ENTRIES PROVIDED:

—————

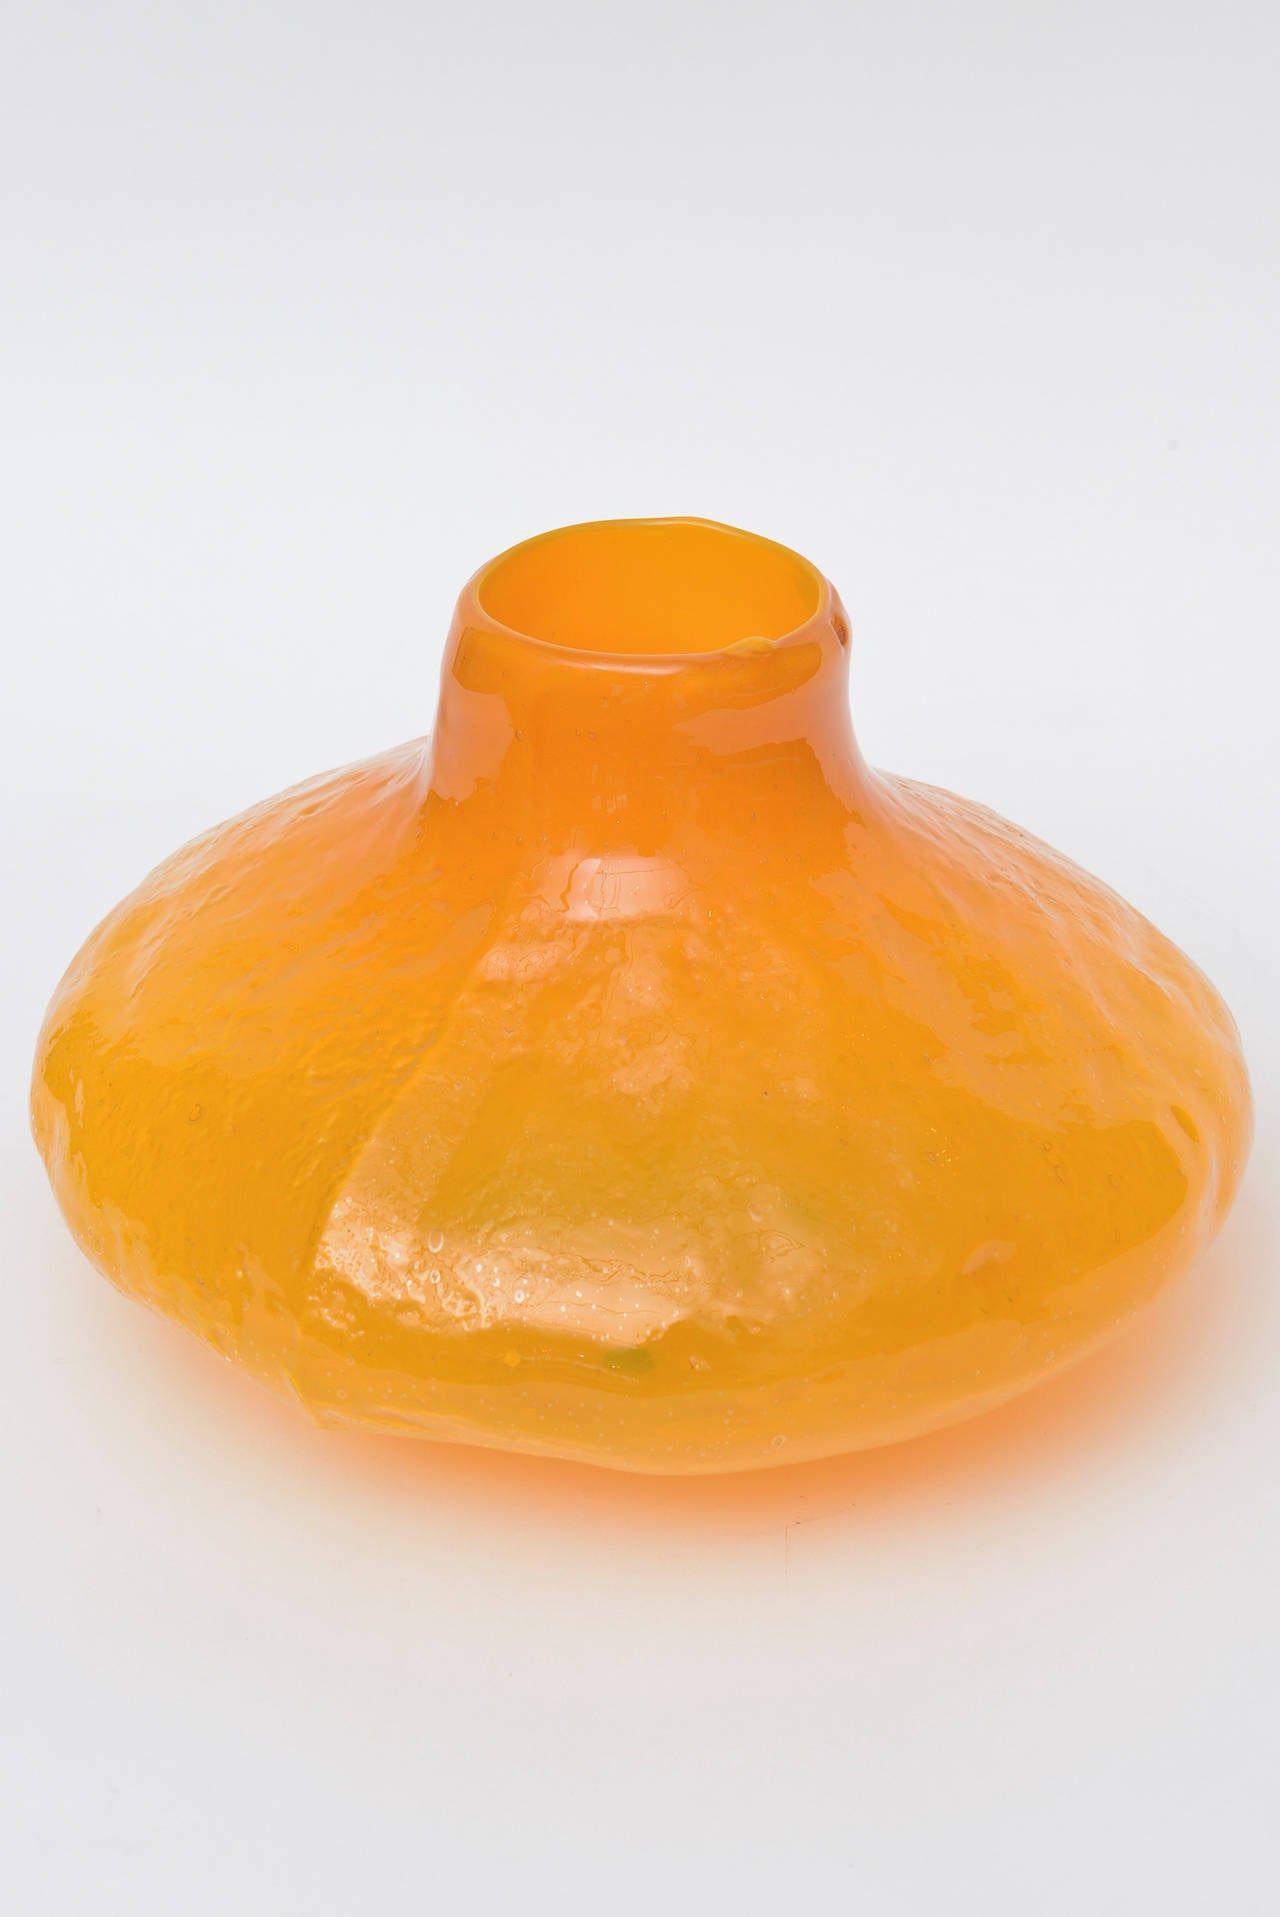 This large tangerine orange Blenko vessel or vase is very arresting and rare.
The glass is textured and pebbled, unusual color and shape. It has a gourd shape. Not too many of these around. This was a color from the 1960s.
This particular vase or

—————

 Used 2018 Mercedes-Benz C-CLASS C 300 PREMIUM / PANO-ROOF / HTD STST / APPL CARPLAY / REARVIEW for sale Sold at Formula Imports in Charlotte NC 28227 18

—————

PROBLEM REQUIREMENTS:
Transcribe the listing above exactly, but only from the line with "This large tangerine" through the line with "This particular vase or". Include both of those lines and omit the pictures.

RESPONSE AREA:
 This large tangerine orange Blenko vessel or vase is very arresting and rare.
The glass is textured and pebbled, unusual color and shape. It has a gourd shape. Not too many of these around. This was a color from the 1960s.
This particular vase or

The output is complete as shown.